Still I don't understand why compiler does not compare the cost of full loop body after combining to the cost before combining and does not come to conclusion that combining increased the cost.

Comment 14 Hongtao.liu 2020-09-25 05:24:21 UTC

> Still I don't understand why compiler does not compare the cost of full loop
> body after combining to the cost before combining and does not come to
> conclusion that combining increased the cost.

As Richard says, GCC does not model CPU pipelines in such detail.

Comment 15 Michael_S 2020-09-25 13:21:27 UTC

(In reply to Hongtao.liu from comment #14)
> > Still I don't understand why compiler does not compare the cost of full loop
> > body after combining to the cost before combining and does not come to
> > conclusion that combining increased the cost.
> 
> As Richard says, GCC does not model CPU pipelines in such detail.

I don't understand what "details" you have in mind.
The costs of instructions that you quoted above looks fine. 
But for reason, I don't understand, compiler had chosen more costly "combined" code sequence over less costly, according to its own cost model,  "RISCy" sequence.

Comment 16 Alexander Monakov 2020-09-25 14:02:15 UTC

Mostly because prior to register allocation the compiler does not naturally see that x = *mem + a*b will need an extra mov when both 'a' and 'b' are live (as in that case registers allocated for them cannot be immediately reused for 'x').

(this is why RTL combine merges the two instructions, but on the isolated testcase below we already have the combined form thanks to tree-TER)

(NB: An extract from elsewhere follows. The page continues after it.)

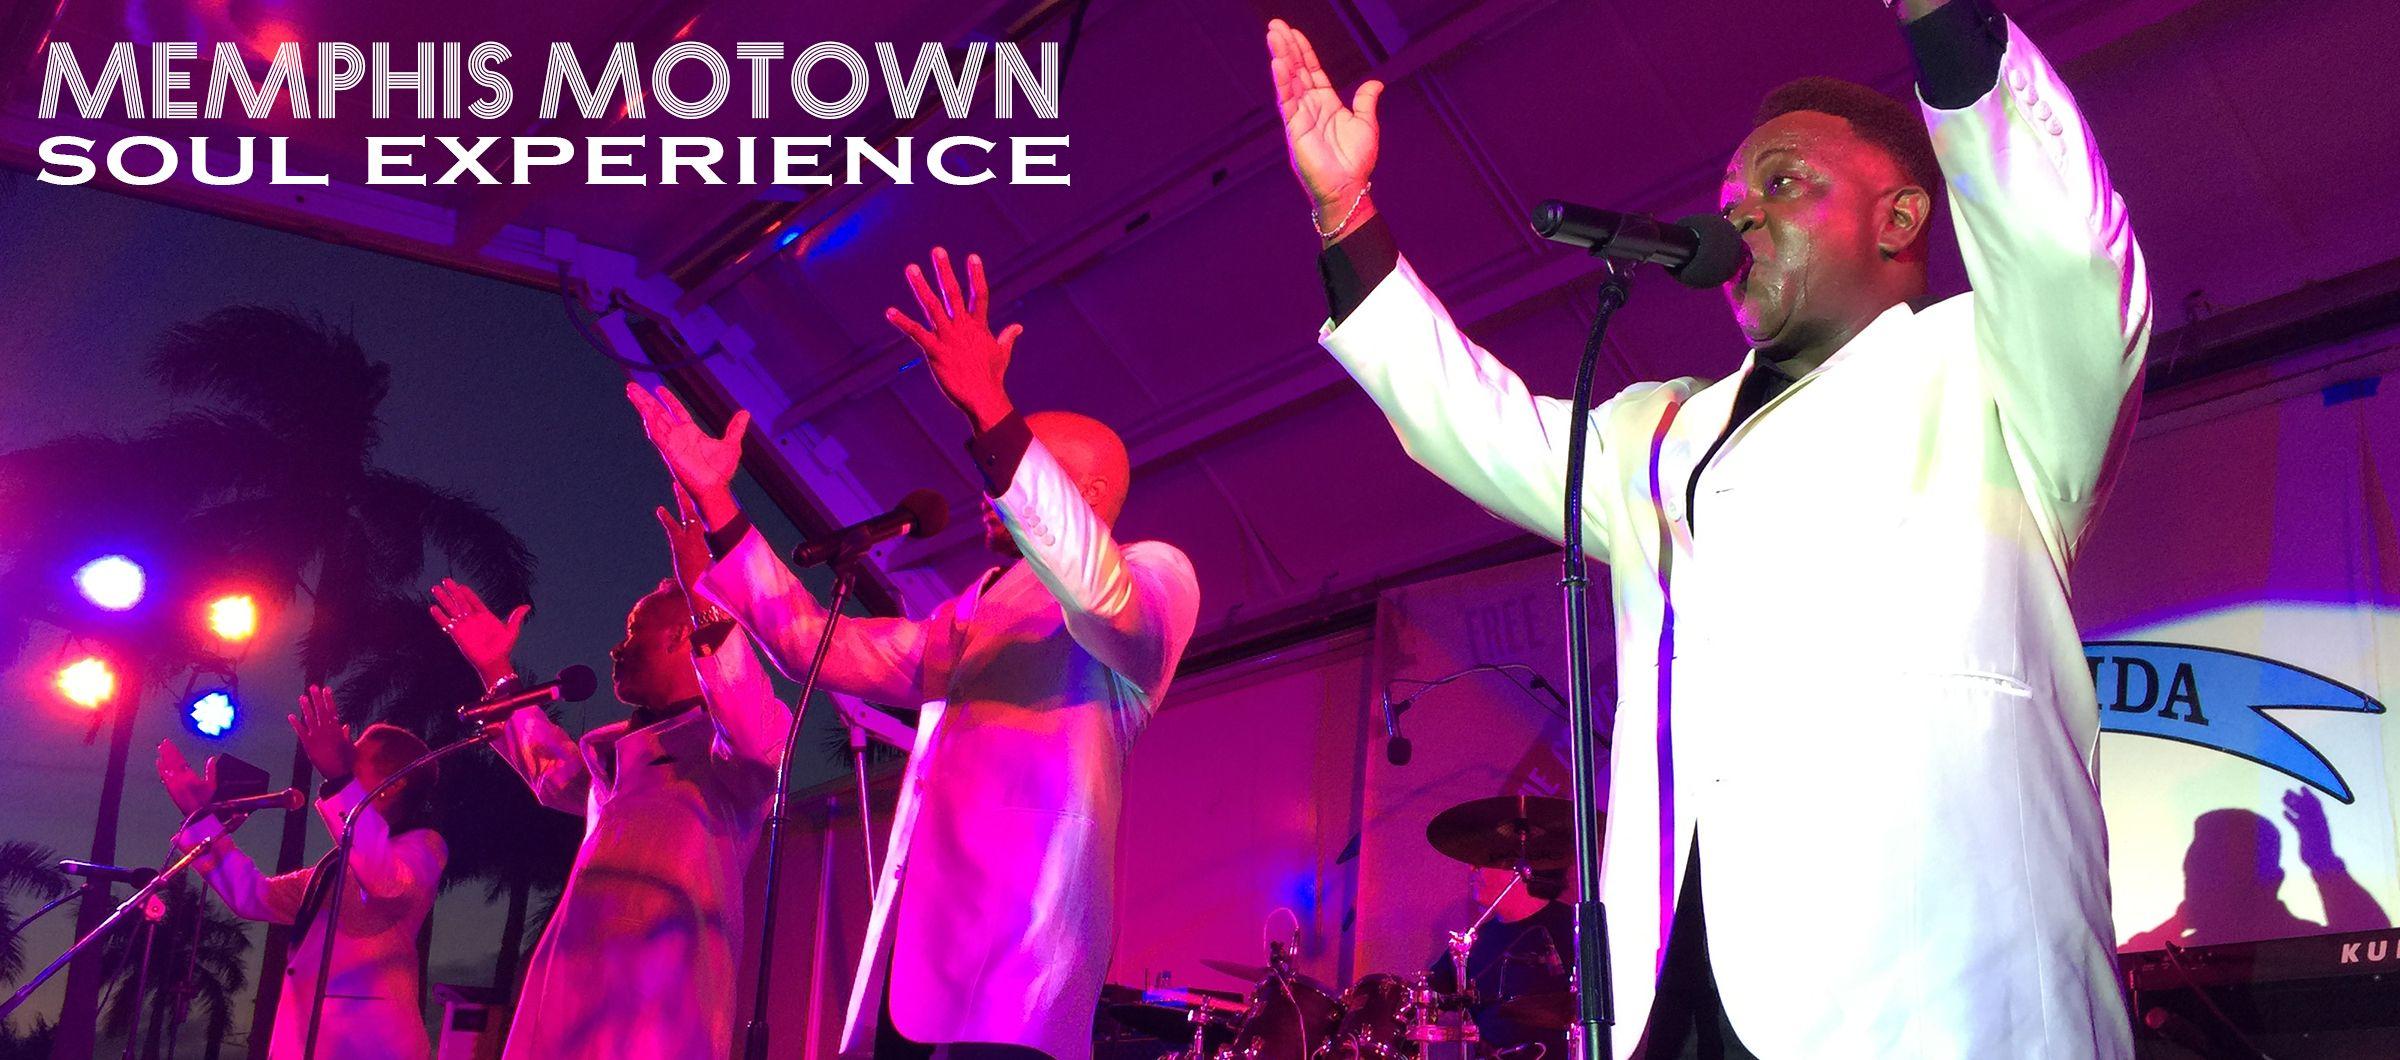 Memphis Motown Soul Experience
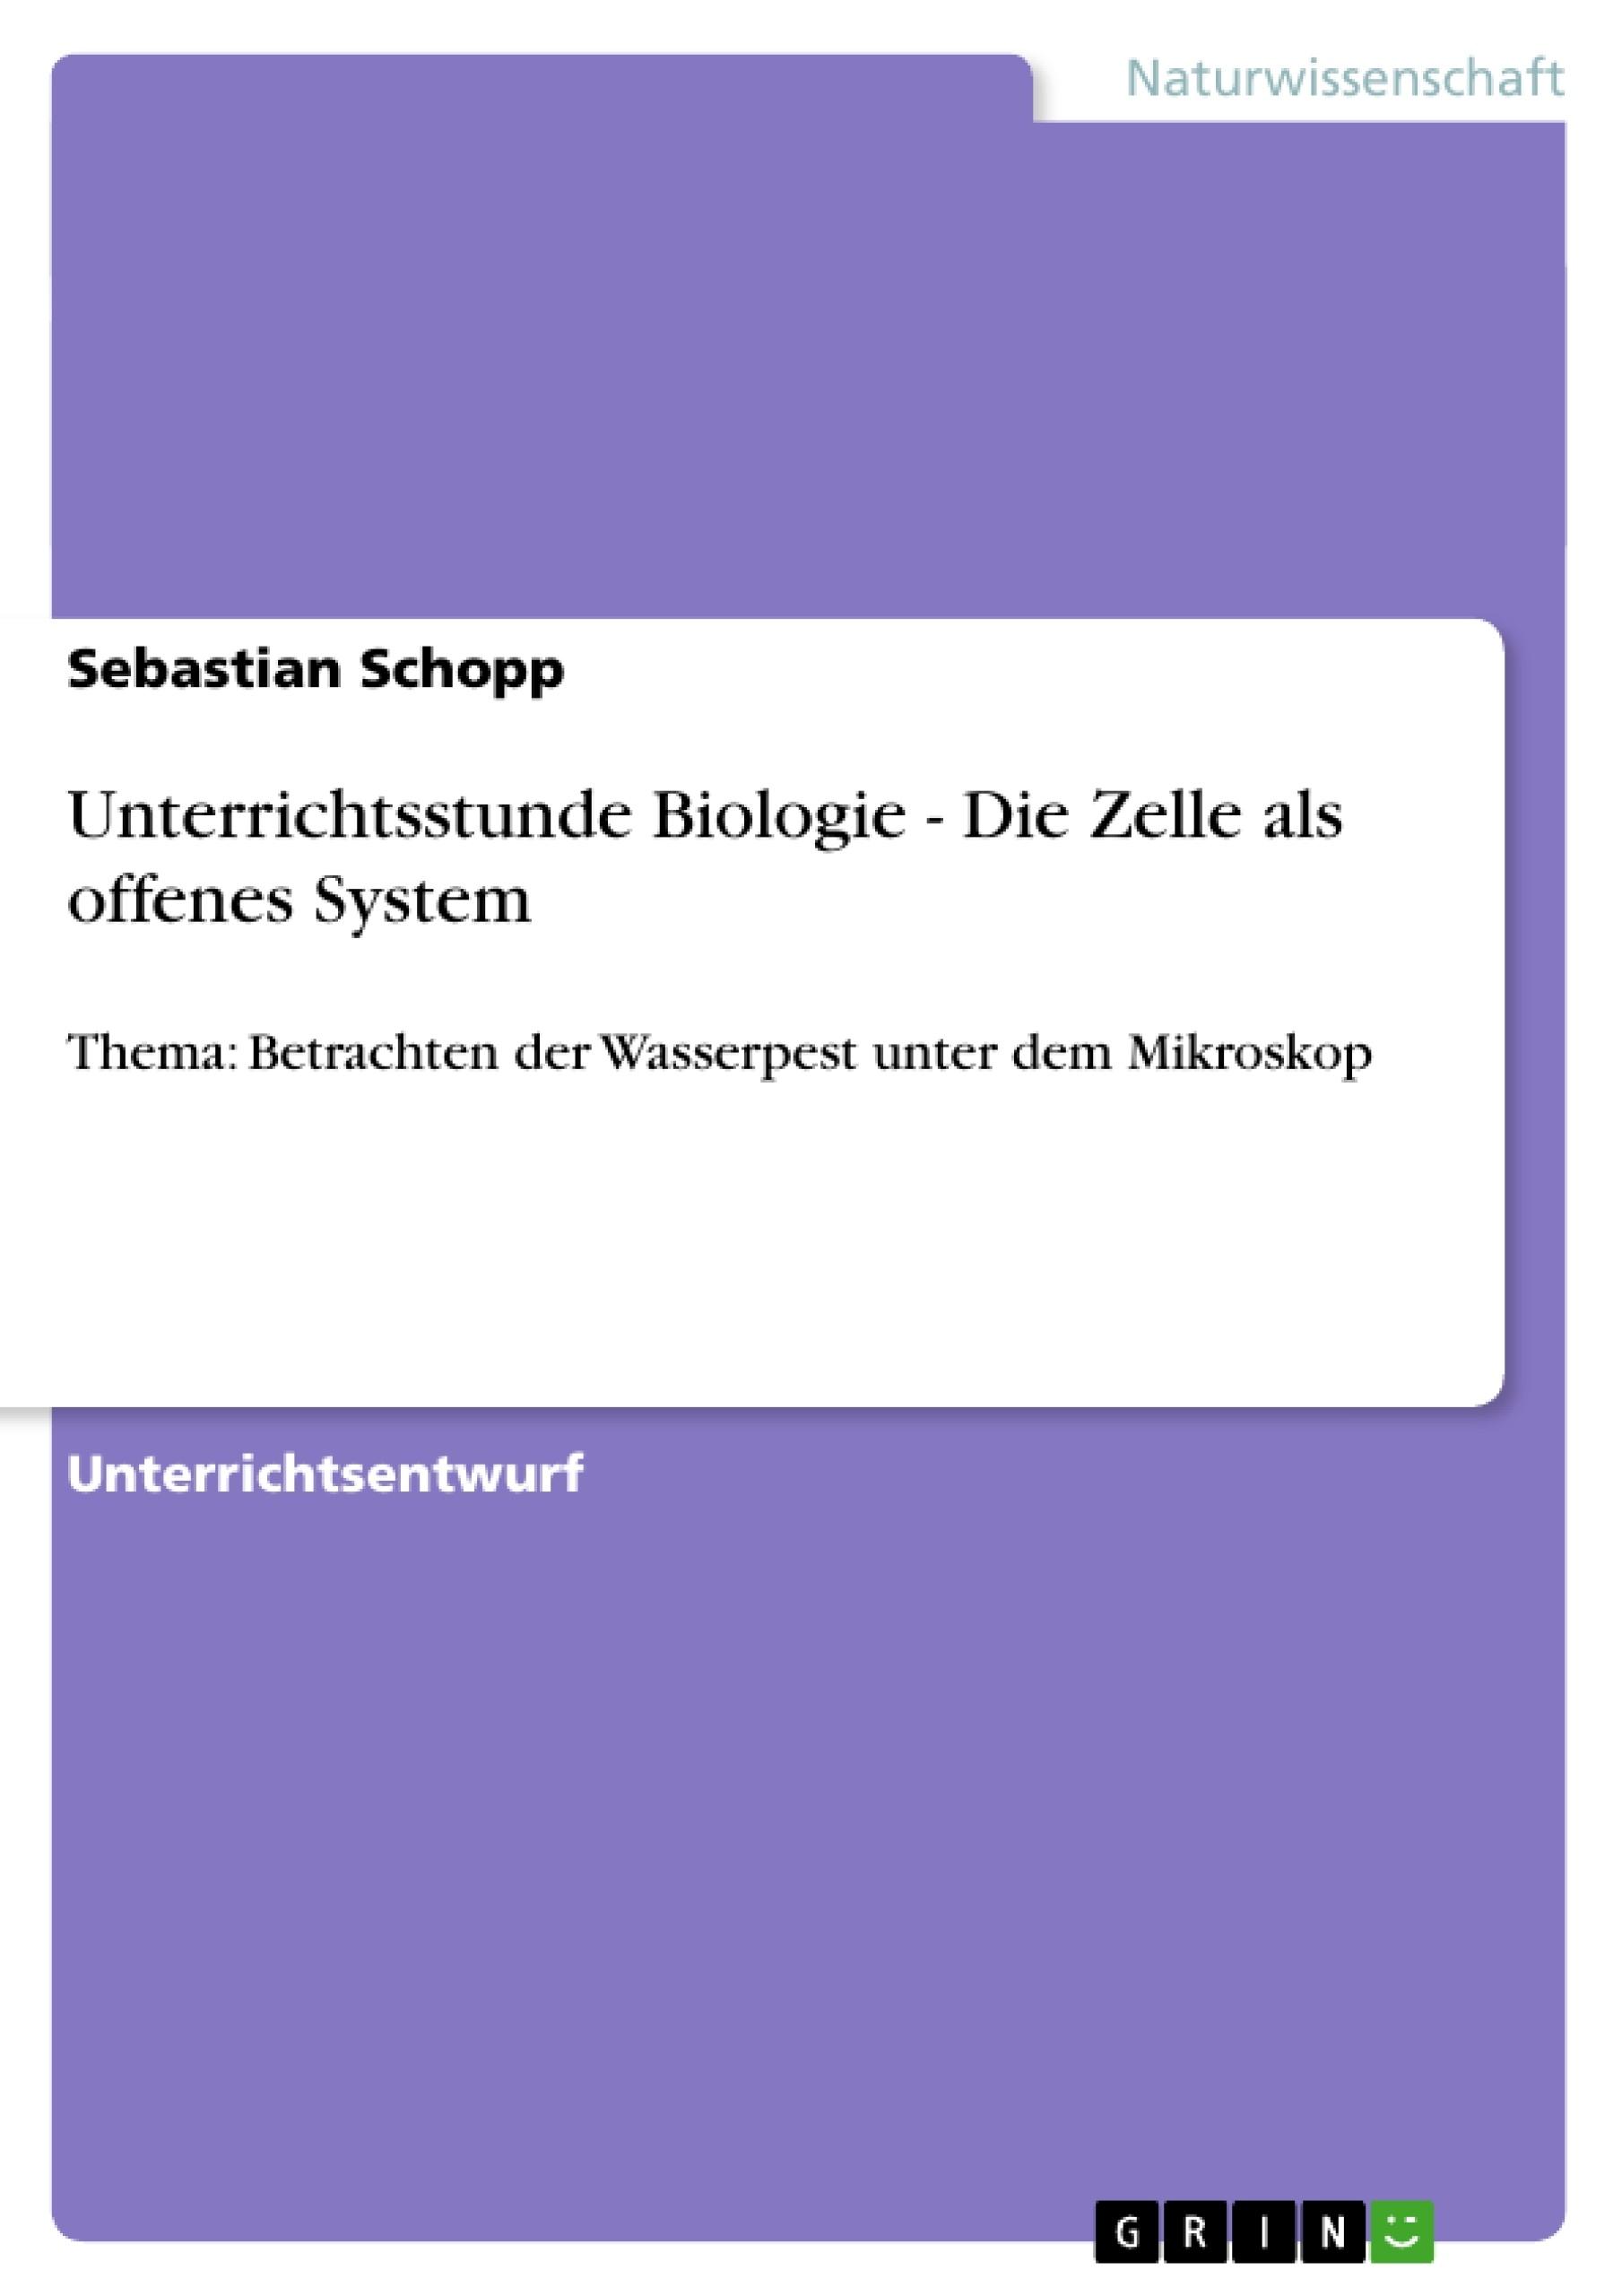 Titel: Unterrichtsstunde Biologie - Die Zelle als offenes System

Isolated testcase, by the way (gcc -O2 -mfma):

double f(double t, double a, double b, double c[], long i)
{
    t = __builtin_fma(a, b, c[i]);
    asm("" :: "x"(t), "x"(a), "x"(b));
    return t;
}

Comment 17 Alexander Monakov 2020-09-25 15:55:12 UTC

To me this suggests that in fact it's okay to carry the combined form in RTL up to register allocation, but RA should decompose it to load+fma instead of inserting a register copy that preserves the live operand.

(not a fan of "RA should deal with it" theme, but here it does look like the most appropriate resolution)

Comment 18 Richard Sandiford 2020-09-30 12:09:20 UTC

Not sure this is a good idea or not, but: combine could
look at the constraints of the instruction it matches,
compare that with the information it has about whether
the inputs remain live after the instruction, and cost
in an extra move if all alternatives require a reload.